Поведение Ленина явно показывало, что он стремится успокоить Германию. Едва узнав об убийстве, он сразу же явился в миссию с выражением сочувствия от имени своего правительства и от себя лично. С ним были Яков Свердлов, который в качестве председателя Центрального исполнительного комитета возглавлял всю советскую иерархию и официально являлся главой государства; Лев Карахан, второй заместитель комиссара иностранных дел, и Бонч-Бруевич, секретарь Совета народных комиссаров (Владимир Дмитриевич Бонч-Бруевич, в 1917–1920 годах управлял делами Совета народных комиссаров. – Ред.), как тогда назывался советский кабинет министров. В резком контрасте с комиссаром иностранных дел Георгием Чичериным, первым советским официальным лицом, появившимся в миссии, Ленин был полностью собран и владел своими нервами. (Ленин прекрасно понимал, что немцы, которые завязли на Западном фронте, ничего большевикам не сделают – действительно, последнее германское наступление 15–17 июля 1918 года на Марне провалилось, после чего поражение Германии стало вопросом времени. – Ред.) С холодной вежливостью он выразил (по-немецки) сочувствие от себя и своего правительства Рицлеру.

Несмотря на политическую целесообразность, которую советские власти усматривали в исправлении последствий убийства, существовали определенные идеологические уступки, которые они не желали делать.
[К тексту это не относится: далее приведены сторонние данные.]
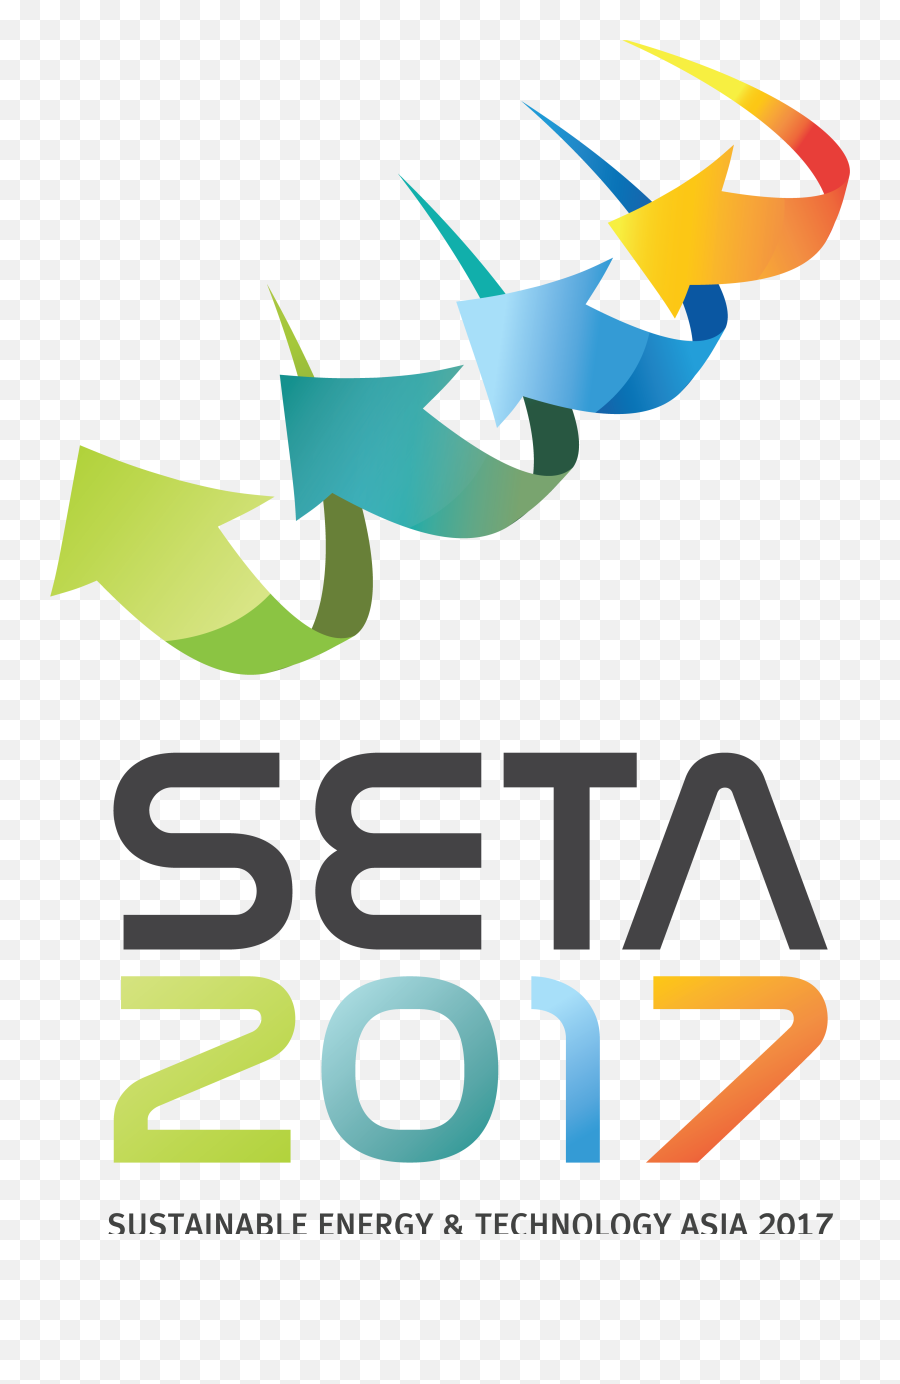 Seta 2017 Full Size Png Download Seekpng - Seta 2016,Seta Png

Так, они упорно отказывались от посещения траурной церемонии у гроба покойного посланника. Чичерин также намекал на то, что некоторые ведущие соучастники преступления вроде ветерана-лидера фракции левых социалистов-революционеров Марии Спиридоновой сделали слишком много для революции, чтобы подвергать ее наказанию. Обмен нотами в отношении компенсации за убийство протянулся с самого ноября, так что вопрос так и остался нерешенным к тому времени, когда два правительства разорвали дипломатические отношения. Собственно говоря, германская неудовлетворенность советской непримиримостью в этом деле была одной из причин, ускоривших этот разрыв.

Прошло более тридцати лет после этих событий 1918 года. Но они все еще стоят перед моими глазами во всех своих подробностях. Тело дипломата предстояло доставить в Германию. Перед тем как процессия к железнодорожному вокзалу пришла в движение, все пришедшие более часа напрасно дожидались приезда народного комиссара иностранных дел Г.В. Чичерина, который твердо обещал появиться. Наконец кортеж тронулся в путь без него. За машиной с гробом следовала вереница автомобилей с представителями многих гражданских и военных учреждений, которые Германия в ту пору имела в Москве. Похоронная процессия уже достигла широкого Новинского бульвара, когда появилась какая-то открытая машина, двигавшаяся в противоположном направлении. В ней сидел невзрачный тощий мужчина с острой рыжеватой бородкой и без шляпы. Заметив кортеж, он стал возбужденно жестикулировать, обращаясь к водителю. Потом мы увидели, что палец его правой руки был как-то бесформенно перевязан бинтом, давным-давно не менявшимся, что можно было заметить даже на приличном расстоянии. Вероятно, народному комиссару было весьма неудобно так опаздывать. После того как его автомашина присоединилась к процессии, я то и дело посматривал на Чичерина по пути на вокзал. Его сутулая фигура и несчастный вид были чем-то вроде воплощения отчаянного положения, в котором находилась Советская республика в те дни.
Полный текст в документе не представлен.